En el lenguaje político hablamos de estrategias, contrincantes, ataques, defensas, maniobras, victorias y derrotas. La política electoral se proyecta como un combate, donde ganar o perder importa más que los métodos utilizados para lograrlo. Si, en efecto, la política electoral es vista como un combate, como aquí planteamos, (y no, por ejemplo, un debate, un drama o un diálogo, sino una acción de carácter bélico), entonces nos vemos obligados a destacar el rol lúdico del combate en la historia: el deleite de las masas frente a dos combatientes que se golpean con fervor. Como en el Coliseo romano, la política electoral sucede ante los ojos del pueblo, que ya ha elegido un favorito o acude precisamente para hacerlo.
El entretenimiento lo consume todo y parece no existir nada más entretenido que las rivalidades; lo vemos en el deporte, en la farándula y en la política. Así, el combate electoral es cada vez más histriónico, porque no busca únicamente derrotar al contrincante, sino también ganar la simpatía del público al hacerlo, que en la era de las redes sociales es más que solo espectador, es también emperador, y con la dirección de su pulgar decide quién gana y quién pierde, quién vive y quién no.
La comunicación electoral actual responde a la creciente hambre de dopamina: tenemos que estar todo el tiempo entretenidos, y las rivalidades electorales se transforman en un «performance» para la población, sin convicción propia de los líderes y sin dejar espacio para el diálogo que las democracias requieren: sin estructura moral y con la retroalimentación instantánea de las redes.
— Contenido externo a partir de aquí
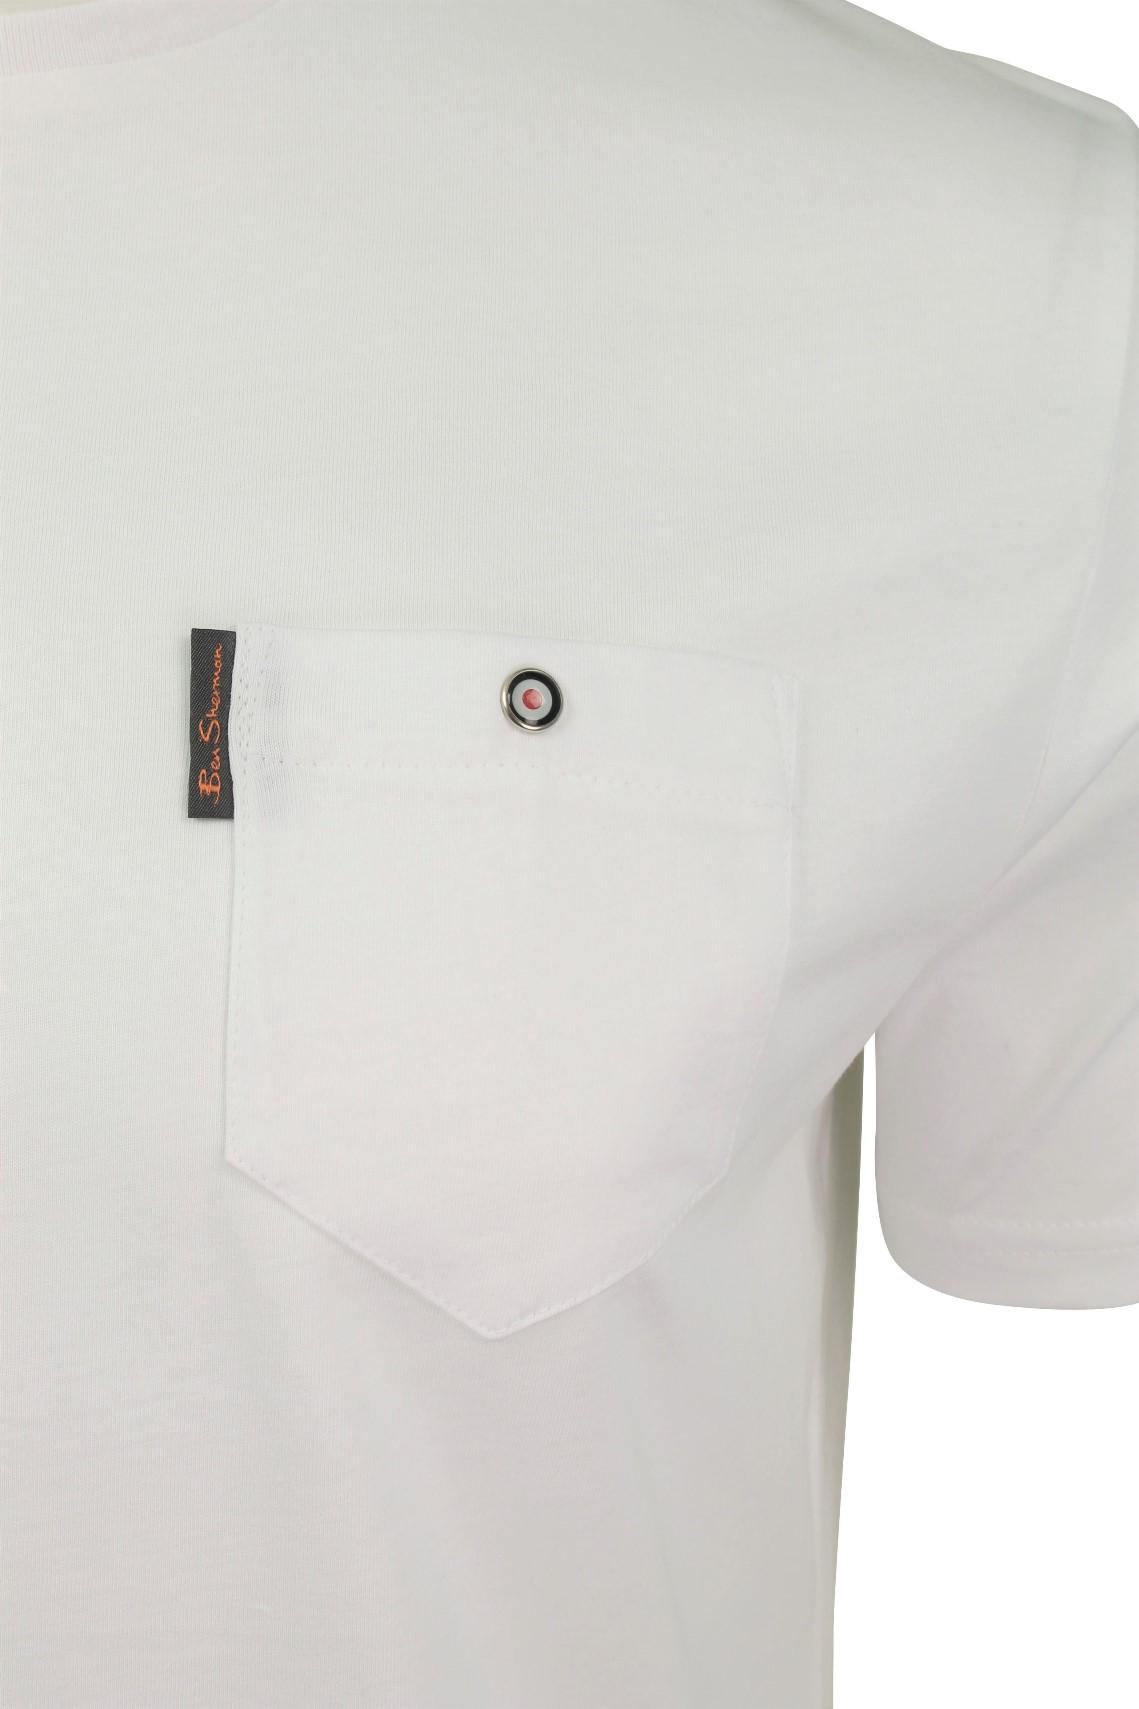 Mens-Classic-Spade-Pocket-T-Shirt-by-Ben-Sherman thumbnail 33

Para aquellos que creen en la idea de «la campaña permanente» y ven la retención del poder como el propósito central de la gestión gubernamental, resulta natural trasladar las tácticas del combate al gobierno. Para los que no creemos en esta idea, hay una distinción clara entre lo electoral y lo gubernamental: si la primera persigue el poder, la segunda está para apoyar las políticas públicas; si la primera conviene al partido de gobierno, la segunda conviene a los ciudadanos; si la primera sirve para persuadir, la segunda está para servir; si la primera busca convencer, la segunda busca viabilizar. La primera es propaganda; la segunda es gestión.
La comunicación gubernamental es una responsabilidad del gobierno ante los gobernados. Cuando la lógica electoral se instala en el gobierno, la metáfora del combate se amplifica a través del poder mediático y económico del Estado, y toda opinión disidente es vista como un ataque que merece férrea e inmediata defensa. Todo disidente es un combatiente. Los gobiernos que asumen esta postura evaden una gran responsabilidad frente a los ciudadanos y el vínculo con la ciudadanía se construye exclusivamente como un acto dramático y un producto de consumo masivo.